:: About this exercise ::
Repeat only the lines running from the beginning of the material through the line that contains "20pcs 3W 3 Watt".
____
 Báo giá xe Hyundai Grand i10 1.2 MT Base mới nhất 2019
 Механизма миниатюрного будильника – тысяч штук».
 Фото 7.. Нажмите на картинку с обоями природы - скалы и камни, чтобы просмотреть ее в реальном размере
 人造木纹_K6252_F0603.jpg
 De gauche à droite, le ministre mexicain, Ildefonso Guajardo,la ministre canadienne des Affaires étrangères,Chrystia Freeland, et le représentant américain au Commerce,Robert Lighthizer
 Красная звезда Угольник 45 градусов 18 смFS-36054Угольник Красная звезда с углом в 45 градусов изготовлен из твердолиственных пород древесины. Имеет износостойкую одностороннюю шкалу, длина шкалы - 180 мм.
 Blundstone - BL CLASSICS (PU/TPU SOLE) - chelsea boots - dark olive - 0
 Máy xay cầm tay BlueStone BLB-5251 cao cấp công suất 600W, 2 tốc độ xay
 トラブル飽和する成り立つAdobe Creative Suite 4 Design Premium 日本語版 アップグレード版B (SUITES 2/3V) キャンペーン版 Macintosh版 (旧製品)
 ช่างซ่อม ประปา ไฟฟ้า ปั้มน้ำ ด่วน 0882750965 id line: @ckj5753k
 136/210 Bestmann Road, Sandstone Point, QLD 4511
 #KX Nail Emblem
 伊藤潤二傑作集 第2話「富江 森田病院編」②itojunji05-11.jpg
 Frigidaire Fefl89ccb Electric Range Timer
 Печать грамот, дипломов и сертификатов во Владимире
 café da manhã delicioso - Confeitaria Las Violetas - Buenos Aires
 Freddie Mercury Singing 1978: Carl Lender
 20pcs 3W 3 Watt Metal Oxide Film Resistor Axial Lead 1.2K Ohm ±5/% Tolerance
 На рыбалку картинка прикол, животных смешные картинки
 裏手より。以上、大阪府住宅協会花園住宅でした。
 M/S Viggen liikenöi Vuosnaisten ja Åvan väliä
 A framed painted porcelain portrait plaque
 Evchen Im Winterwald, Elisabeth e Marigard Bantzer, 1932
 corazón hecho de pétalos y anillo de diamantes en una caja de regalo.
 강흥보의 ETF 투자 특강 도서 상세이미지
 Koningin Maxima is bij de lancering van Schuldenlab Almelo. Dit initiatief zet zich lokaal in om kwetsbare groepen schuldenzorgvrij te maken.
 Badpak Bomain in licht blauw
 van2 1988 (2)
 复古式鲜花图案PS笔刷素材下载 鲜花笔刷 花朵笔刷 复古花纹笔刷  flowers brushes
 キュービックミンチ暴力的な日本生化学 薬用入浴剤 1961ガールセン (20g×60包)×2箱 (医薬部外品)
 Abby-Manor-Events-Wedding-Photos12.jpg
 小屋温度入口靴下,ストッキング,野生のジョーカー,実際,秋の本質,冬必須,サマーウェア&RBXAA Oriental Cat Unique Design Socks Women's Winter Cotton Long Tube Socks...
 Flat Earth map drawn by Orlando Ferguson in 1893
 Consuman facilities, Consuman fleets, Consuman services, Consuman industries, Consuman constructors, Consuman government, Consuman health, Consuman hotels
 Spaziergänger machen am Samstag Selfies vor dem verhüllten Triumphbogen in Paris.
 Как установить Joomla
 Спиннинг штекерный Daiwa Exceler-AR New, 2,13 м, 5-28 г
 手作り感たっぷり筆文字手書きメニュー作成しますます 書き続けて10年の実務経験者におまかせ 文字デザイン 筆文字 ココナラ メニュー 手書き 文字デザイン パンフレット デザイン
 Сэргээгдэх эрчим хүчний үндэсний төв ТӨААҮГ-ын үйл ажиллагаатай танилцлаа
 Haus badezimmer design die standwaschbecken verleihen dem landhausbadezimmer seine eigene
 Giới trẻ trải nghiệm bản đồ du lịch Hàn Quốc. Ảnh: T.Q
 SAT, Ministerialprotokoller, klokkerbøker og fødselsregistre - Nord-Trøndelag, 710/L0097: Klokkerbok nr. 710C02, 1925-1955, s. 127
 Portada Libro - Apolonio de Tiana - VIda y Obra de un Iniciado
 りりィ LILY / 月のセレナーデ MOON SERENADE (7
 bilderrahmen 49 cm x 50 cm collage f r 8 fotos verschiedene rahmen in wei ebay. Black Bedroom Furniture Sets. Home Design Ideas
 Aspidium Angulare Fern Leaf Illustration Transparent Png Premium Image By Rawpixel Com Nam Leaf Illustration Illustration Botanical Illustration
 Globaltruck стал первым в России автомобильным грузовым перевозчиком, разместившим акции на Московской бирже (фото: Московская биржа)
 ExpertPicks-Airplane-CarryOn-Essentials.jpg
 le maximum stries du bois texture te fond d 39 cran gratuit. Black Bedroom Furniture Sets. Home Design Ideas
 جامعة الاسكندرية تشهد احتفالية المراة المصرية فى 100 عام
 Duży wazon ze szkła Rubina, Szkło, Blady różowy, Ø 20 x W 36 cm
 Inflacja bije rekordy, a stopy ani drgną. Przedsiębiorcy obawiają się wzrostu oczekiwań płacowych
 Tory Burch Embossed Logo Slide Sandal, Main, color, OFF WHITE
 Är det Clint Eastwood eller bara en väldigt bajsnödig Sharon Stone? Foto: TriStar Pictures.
____
:: Task answer ::
 Báo giá xe Hyundai Grand i10 1.2 MT Base mới nhất 2019
 Механизма миниатюрного будильника – тысяч штук».
 Фото 7.. Нажмите на картинку с обоями природы - скалы и камни, чтобы просмотреть ее в реальном размере
 人造木纹_K6252_F0603.jpg
 De gauche à droite, le ministre mexicain, Ildefonso Guajardo,la ministre canadienne des Affaires étrangères,Chrystia Freeland, et le représentant américain au Commerce,Robert Lighthizer
 Красная звезда Угольник 45 градусов 18 смFS-36054Угольник Красная звезда с углом в 45 градусов изготовлен из твердолиственных пород древесины. Имеет износостойкую одностороннюю шкалу, длина шкалы - 180 мм.
 Blundstone - BL CLASSICS (PU/TPU SOLE) - chelsea boots - dark olive - 0
 Máy xay cầm tay BlueStone BLB-5251 cao cấp công suất 600W, 2 tốc độ xay
 トラブル飽和する成り立つAdobe Creative Suite 4 Design Premium 日本語版 アップグレード版B (SUITES 2/3V) キャンペーン版 Macintosh版 (旧製品)
 ช่างซ่อม ประปา ไฟฟ้า ปั้มน้ำ ด่วน 0882750965 id line: @ckj5753k
 136/210 Bestmann Road, Sandstone Point, QLD 4511
 #KX Nail Emblem
 伊藤潤二傑作集 第2話「富江 森田病院編」②itojunji05-11.jpg
 Frigidaire Fefl89ccb Electric Range Timer
 Печать грамот, дипломов и сертификатов во Владимире
 café da manhã delicioso - Confeitaria Las Violetas - Buenos Aires
 Freddie Mercury Singing 1978: Carl Lender
 20pcs 3W 3 Watt Metal Oxide Film Resistor Axial Lead 1.2K Ohm ±5/% Tolerance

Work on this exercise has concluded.